Batch requests when possible. The Mistral API supports batch inference for offline workloads, significantly reducing cost for non-real-time tasks.

Running Mistral Locally

All Mistral open-weight models are available on Hugging Face and run with Ollama:

# Pull and run Mistral 7B
ollama pull mistral

# Or Mixtral 8x7B (requires ~26GB RAM for Q4)
ollama pull mixtral

# Or Mistral Small (via Ollama's model library)
ollama run mistral-small

Mistral 7B is one of the most popular local models because:

Runs well on consumer hardware (8GB RAM)
Fast inference speed
Strong instruction following for its size

Prompting Patterns That Work Well

Explicit output structure:

Mistral models follow format instructions reliably. Be explicit:

Analyze this customer review and return:
1. Sentiment: positive / negative / neutral
2. Main issue (one sentence)
3. Urgency: high / medium / low

Review: "The product arrived damaged and support hasn't responded in 4 days."

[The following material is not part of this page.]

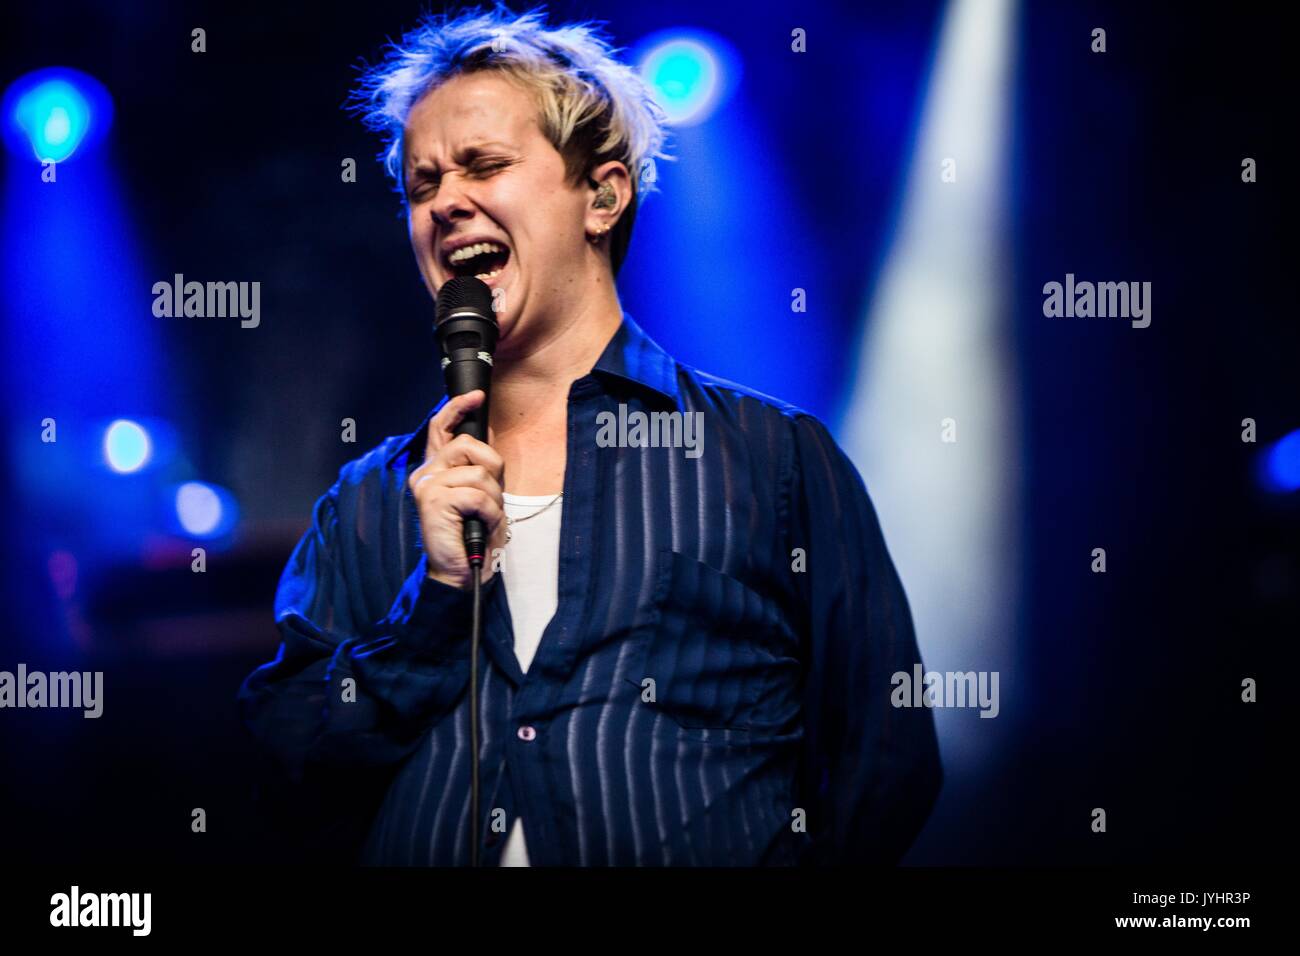 Conor Mason of the english alternative rock band Nothing But Thieves pictured on stage as they perform live at Lowlands Festival 2017 in Biddinghuizen Netherlands (Photo by Roberto Finizio / Pacific Press) Stock Photo

Step-by-step reasoning for complex tasks:

Unlike reasoning models (o1, Claude extended thinking), Mistral benefits from explicit chain-of-thought prompting for complex reasoning:

Work through this problem step by step before giving your final answer.
Show your reasoning clearly.

Problem: [complex problem]

Use JSON mode for data extraction:

response = client.chat.complete(
    model="mistral-large-latest",
    messages=[...],
    response_format={"type": "json_object"}
)

JSON mode constrains the model to produce valid JSON. Combine with a schema description in your prompt for structured extraction.

Common Mistakes With Mistral

Not using JSON mode for extraction tasks. Asking for JSON in the prompt is less reliable than enabling JSON mode in the API call. Use both for critical extraction pipelines.

Choosing Mistral Large when Small or Mixtral would suffice. Benchmark your task at multiple model tiers. Mistral Small handles most common NLP tasks well, and Mixtral 8x7B handles complex tasks at a fraction of Large's cost.

Forgetting system prompt placement. For direct weight inference (not via API), the system prompt goes in the first user message using Mistral's convention — not as a separate <system> tag like in Llama 3.

Under-specifying the output format. Mistral follows instructions well, but "give me a summary" produces variable results. "Write a 3-sentence summary in a formal tone" produces consistent output.